The city is a cyclist's dream, with bikes for hire, provided by the city for a pound deposit. Cyclists whizz along wide, dedicated pavements and have their own traffic lights. The semi-autonomous urban community of Christania is very green and free of cars. Custom-made cargo-carrying bikes and trikes are everywhere.

In Christania, we get talking to a long time resident, and I ask him if the community will be hosting climate-change activists visiting for the COP15. Sadly, he tells us that the last time the community hosted a large number of activists, the disruptive behaviour of a few left the hosts wary of inviting activists back.

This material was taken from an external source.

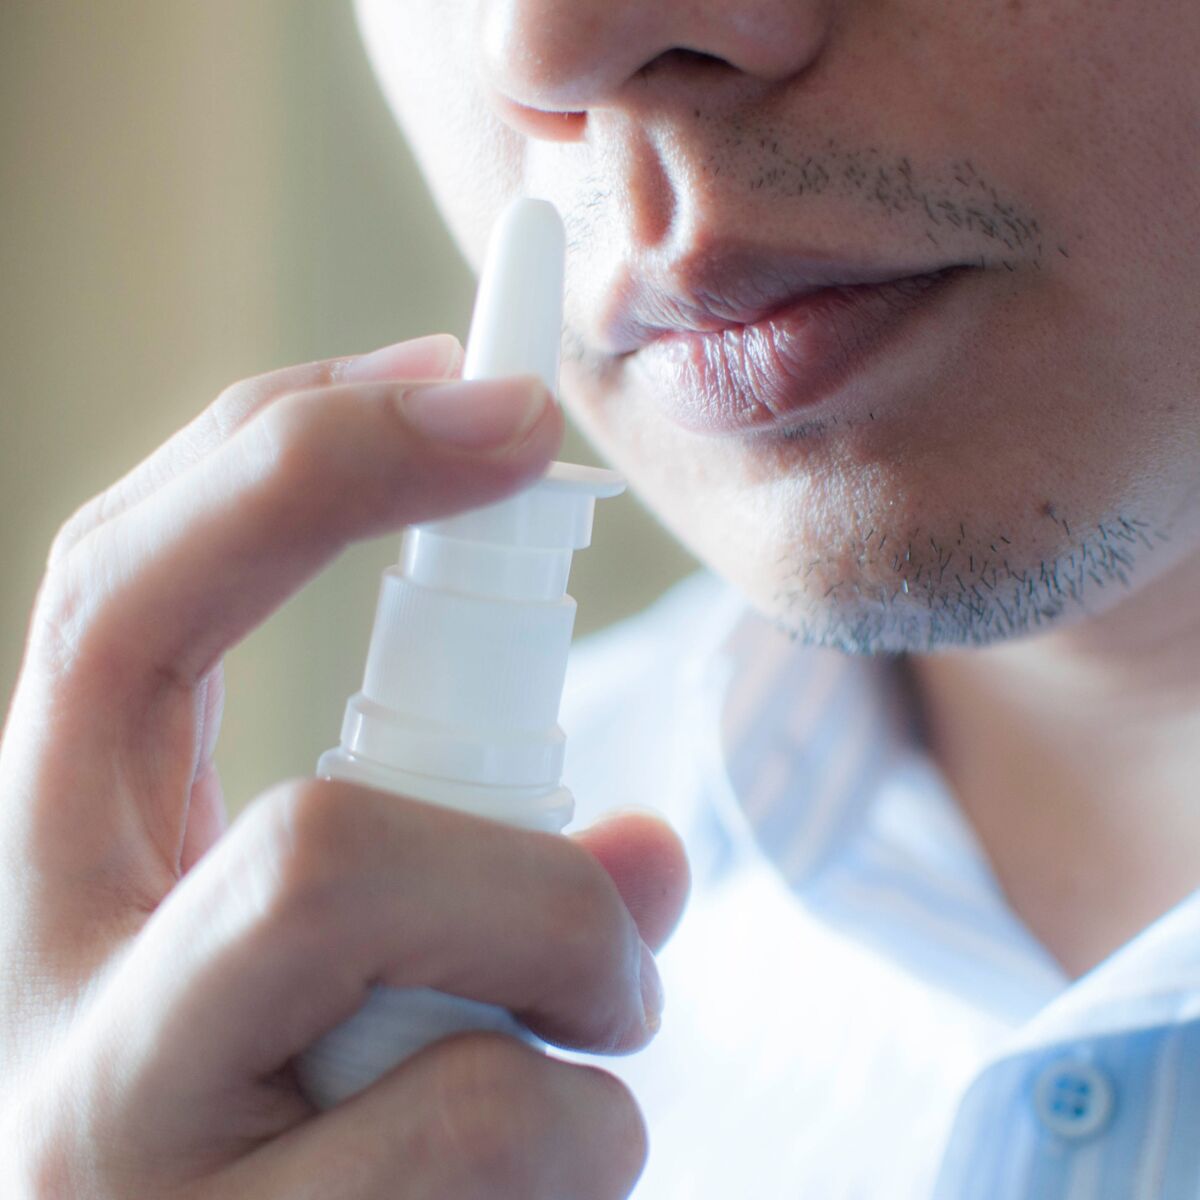 Hygiène nasale : pourquoi et comment bien nettoyer son nez ?

Over the Øresund, and 100km north, we visit Holma, a small-scale agriculture institute in Skåne. Here they are looking to aid December's climate change activists in another way. As well as their fledgling forest garden, they show us a field of potatoes, corn and carrots. These are destined for hungry activists' bellies at the Institute's planned soup kitchen in Copenhagen during the COP 15.

Travelling by train (using electricity from what I think are pretty green sources) from Høør all the way to Stockholm without booking early would cost a packet. With another 17,000 km to go, I've got to manage my funds as well as my emissions. A good performer in both criteria is the Swedish coach network, and we speed through the forests from bright-and-clean town to bright-and-clean town, and camp by the Baltic sea near sleepy Påskavallik.

That's another great thing about Scandanavia: the Right of Public Access (Allemansrätten). In Sweden, Iceland and Norway your rights to wander open land and camp in forests, and to pick berries and mushrooms are protected by law. A number of fairly common-sense restrictions exist, making for a well accepted system of access.

With much of the world parceled off into private spaces, it is inspiring to be in a place where people see harmless access to wild nature as a common right that trumps property rights.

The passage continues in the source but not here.